Yes it is legal year round.  The factory Remington Core-Lokts work well on hogs.


----------



## Jester896 (Feb 27, 2010)

bwsmith said:


> Just curious about using a MAK-90 7.62x39 for hogs.  Is it a hot enough round to consistantly drop a hog?  Is it legal in GA to use for hogs on private land?  Is there a mag size limit?  My preference is of course my 308, but I like knowing my options for what I have.



They were made for the taller more upright type of target.  The round is OK for killing hogs knee high and lower.  You may want to try something with a little longer barrel to get the velocity up more JMO


----------



## bwsmith (Feb 28, 2010)

Just wondering about using what I already have as a secondary hog popper.  Of course, I don't think the V-Max rounds I just picked up will do me much good on pork.


----------



## Jester896 (Feb 28, 2010)

bwsmith said:


> Just wondering about using what I already have as a secondary hog popper.  Of course, I don't think the V-Max rounds I just picked up will do me much good on pork.



I use an SKS sometimes...the round is good on smaller ones and behind the ear is deadly.  It is just not that effective on bigger ones they just seem to stumble and run faster.  The AK is just easier to load mags in...bring plenty and the rounds are still cheap.  In wet conditions the steel case stuff can create problems later on that you wouldn't have with the brass cased rounds.


----------



## S.5. (Feb 28, 2010)

Killed hundreds with it, just not a long range round.


----------



## Darrenmd (Feb 28, 2010)

The hog in my avatar was killed with a paratrooper SKS ........


----------



## Blue Iron (Feb 28, 2010)

Just about the perfect hog stopper.


----------



## NCHillbilly (Feb 28, 2010)

If you look around, you can sometimes find 154 grain softnose ammo, it's better stuff for hunting than the 120-ish grain bullets, IMO.


----------



## Jester896 (Feb 28, 2010)

NCHillbilly said:


> If you look around, you can sometimes find 154 grain softnose ammo, it's better stuff for hunting than the 120-ish grain bullets, IMO.

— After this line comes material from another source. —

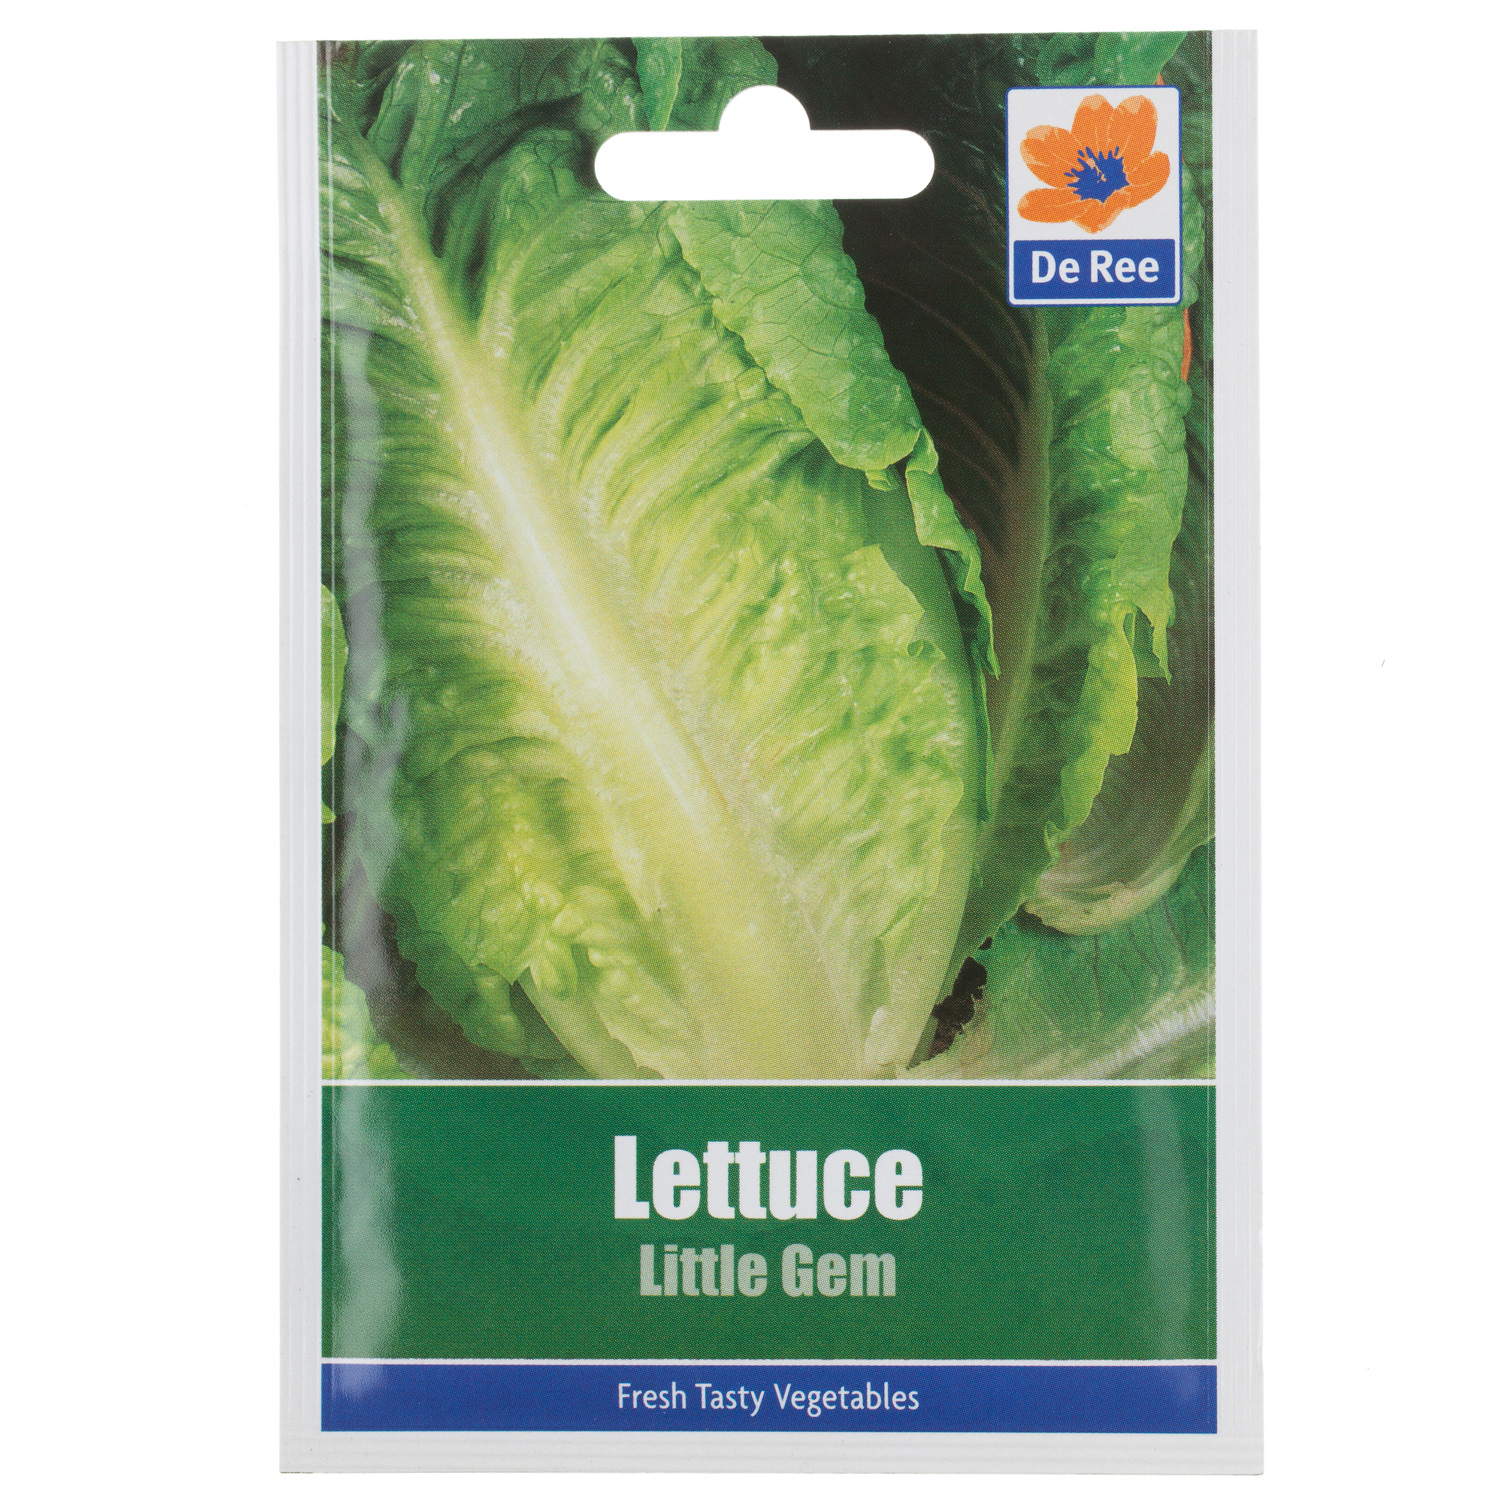 Little Gem Lettuce Seed Packet Image

I have tried those too..in fact the first hog I ever shot I shot it was with those.  I saw the two rounds hit the hog..he flinched both times.  He was about 30 yds away..5+ feet long and waist high, I wonder if he is still running.   I kept wondering if he was circling around to get me...lol


----------



## bwsmith (Feb 28, 2010)

I found some 154gr (http://www.cheaperthandirt.com/AMM636-1.html).  But would it be better to use larger cheap ammo or a higher quality 125gr?


----------



## Jester896 (Feb 28, 2010)

bwsmith said:


> I found some 154gr (http://www.cheaperthandirt.com/AMM636-1.html).  But would it be better to use larger cheap ammo or a higher quality 125gr?



I am not sure what you are asking.  Common 123 gr comes in two varieties HP and FMJ.  I think it is illegal to use the FMJ for hunting purposes.  That leaves HP which expands rapidly and in what I feel is close to a thick hide animal they may not be the best choice.  Generally a soft point type bullet is best for hunting purposes..IMO.  One of the nice things about 7.62x39 is that it is all fairly inexpensive.


----------



## pnutman257 (Mar 1, 2010)

S.5. said:


> Killed hundreds with it, just not a long range round.


  When his gun aint jamed!!!!


----------



## deadend (Mar 1, 2010)

bwsmith said:


> I found some 154gr (http://www.cheaperthandirt.com/AMM636-1.html).  But would it be better to use larger cheap ammo or a higher quality 125gr?



The Remington factory Core-Lokt ammo works great.  125 grain SOFT POINT.  Easy to find, reliable, and cheap.


----------



## hunter44a (Mar 2, 2010)

killed my biggest hog 300+ lbs with cheap russian hollow pts. awesome blood trail. hog went maybe 50yds


----------